* _Problem details_: Every line of the listing should be retyped exactly, but none of the pictures should be.

* _Information provided_:
******

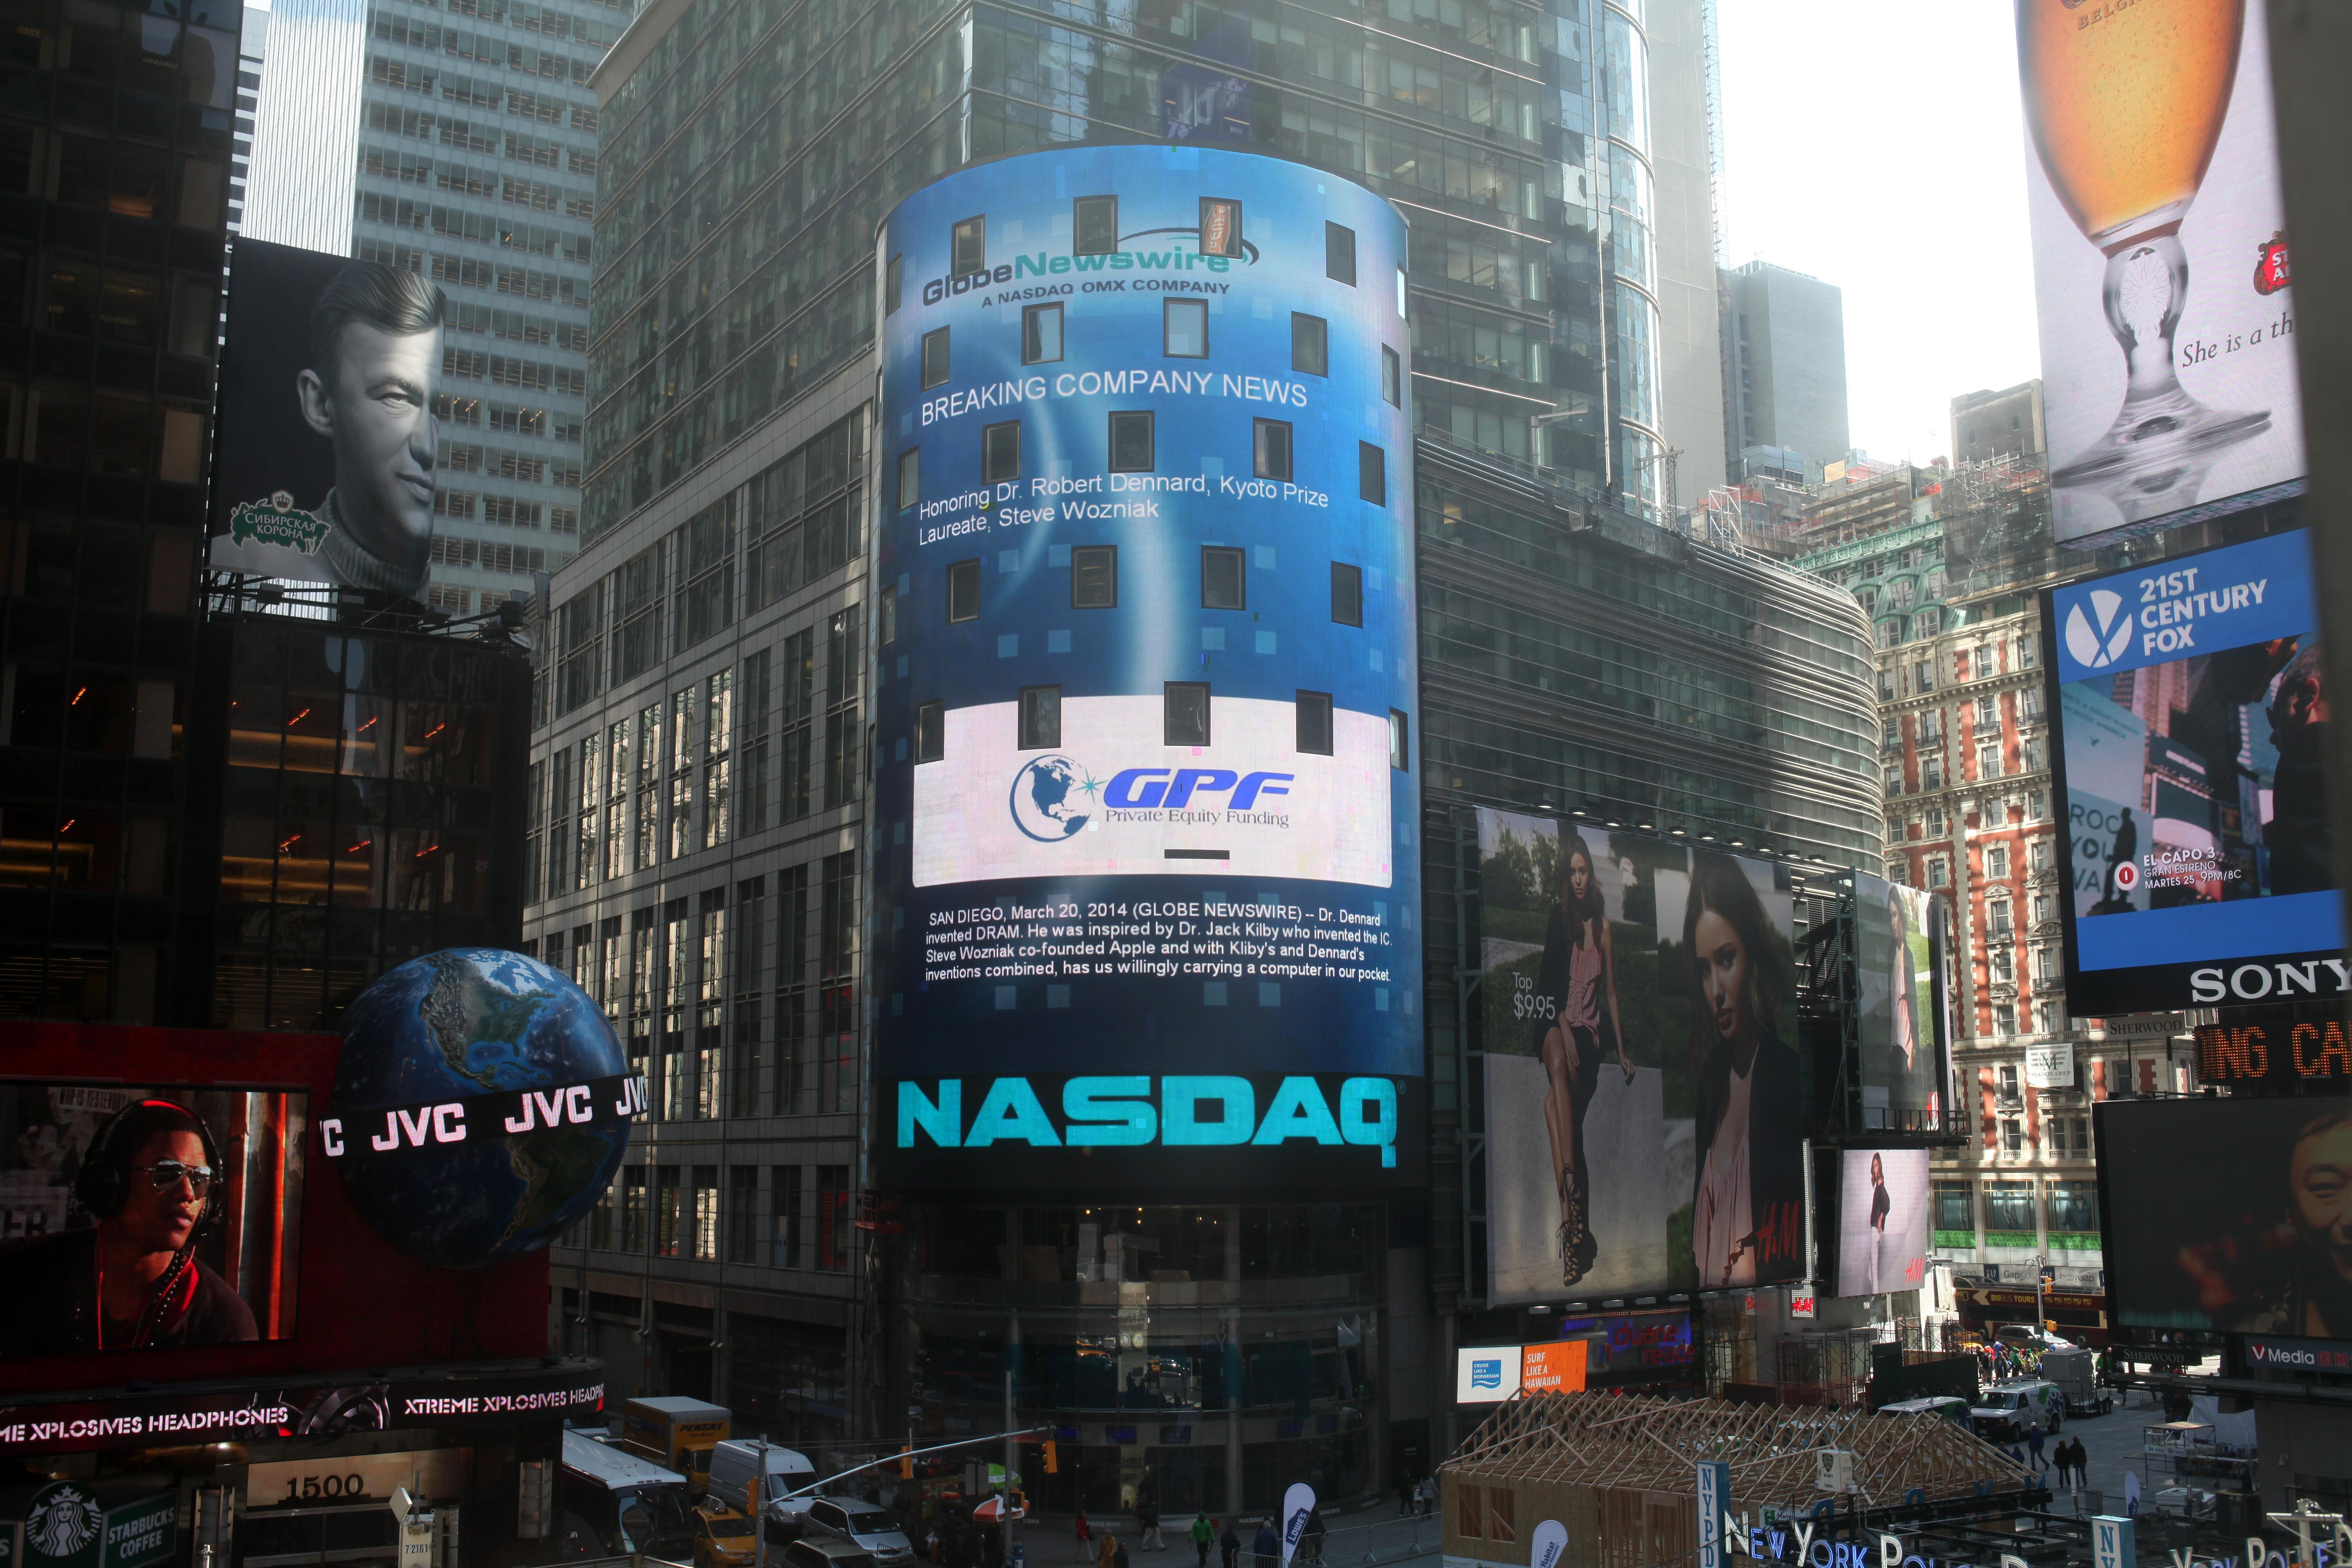 Dennard-Wozniak on NASDAQ Times Square
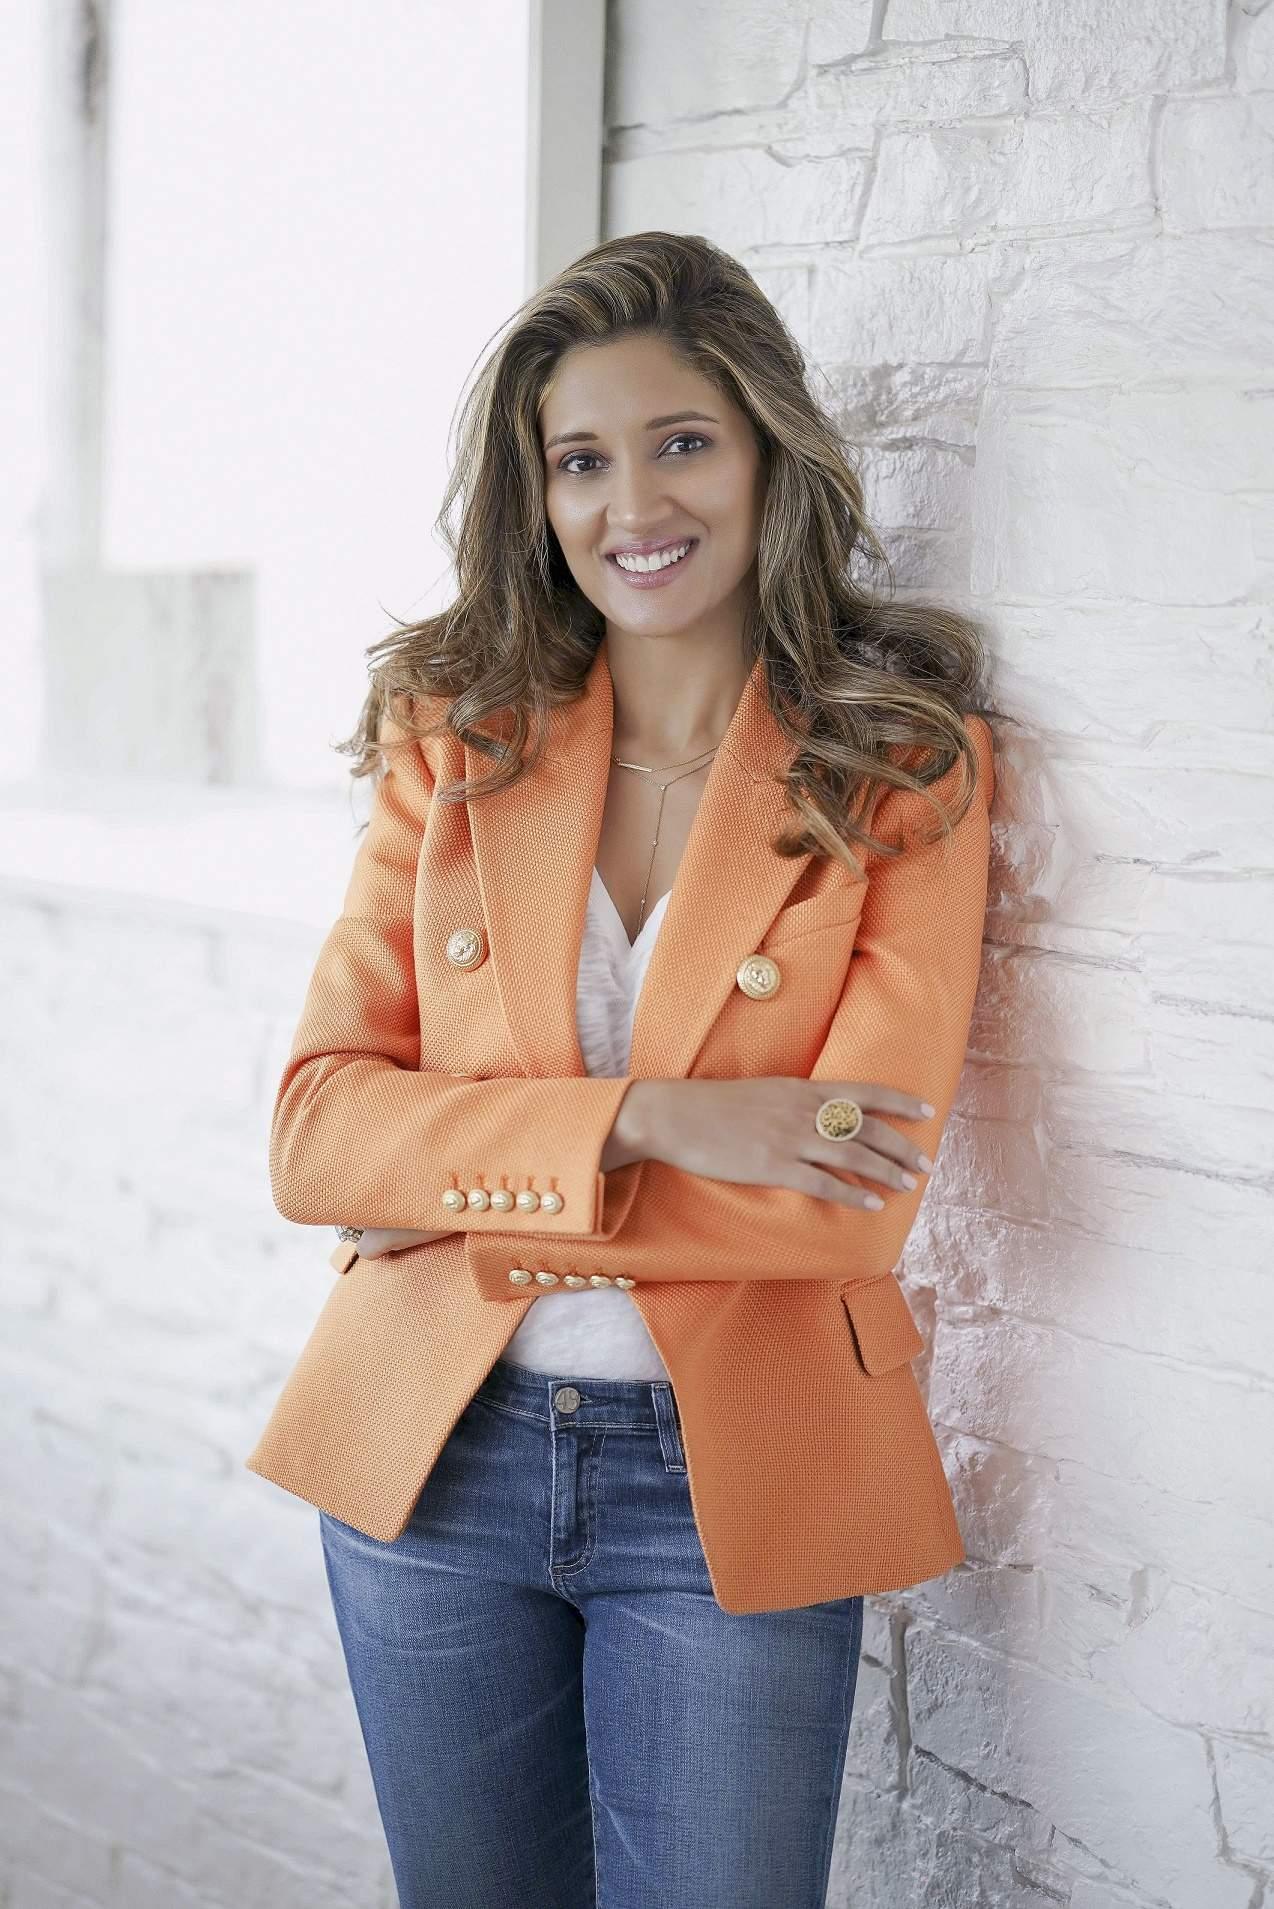 Mallika Tarakas Parekh, Mallika Parekh, a health and wellness expert
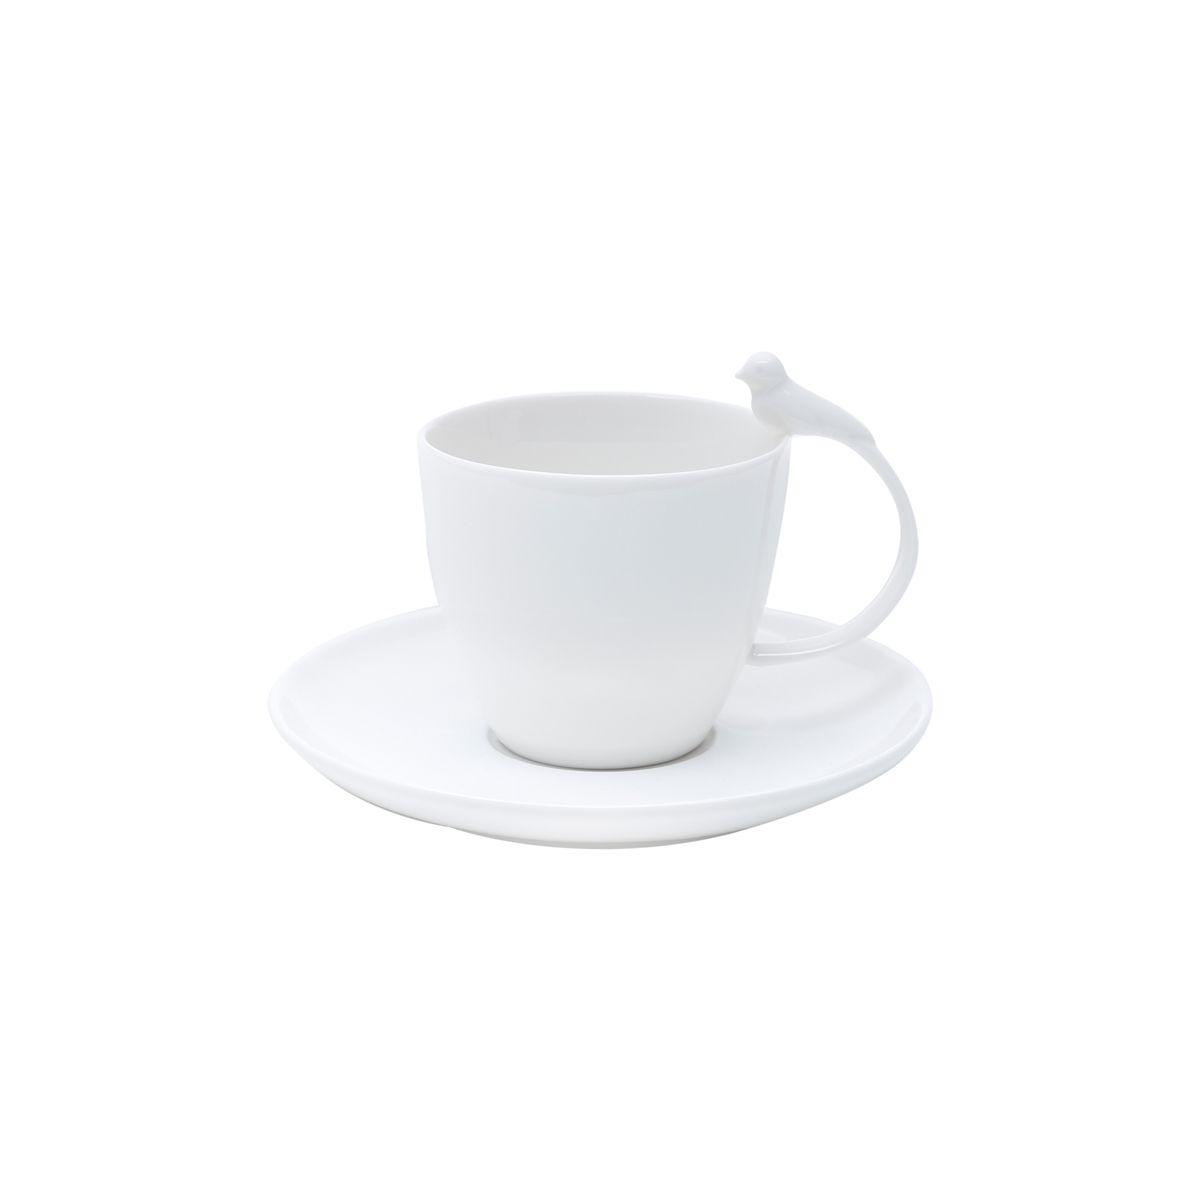 Jg 06 Xícaras de Chá Bird de Porcelana Branca Wolff 200ml

******

* _Solution to this exercise_:
 Dennard-Wozniak on NASDAQ Times Square
 Mallika Tarakas Parekh, Mallika Parekh, a health and wellness expert
 Jg 06 Xícaras de Chá Bird de Porcelana Branca Wolff 200ml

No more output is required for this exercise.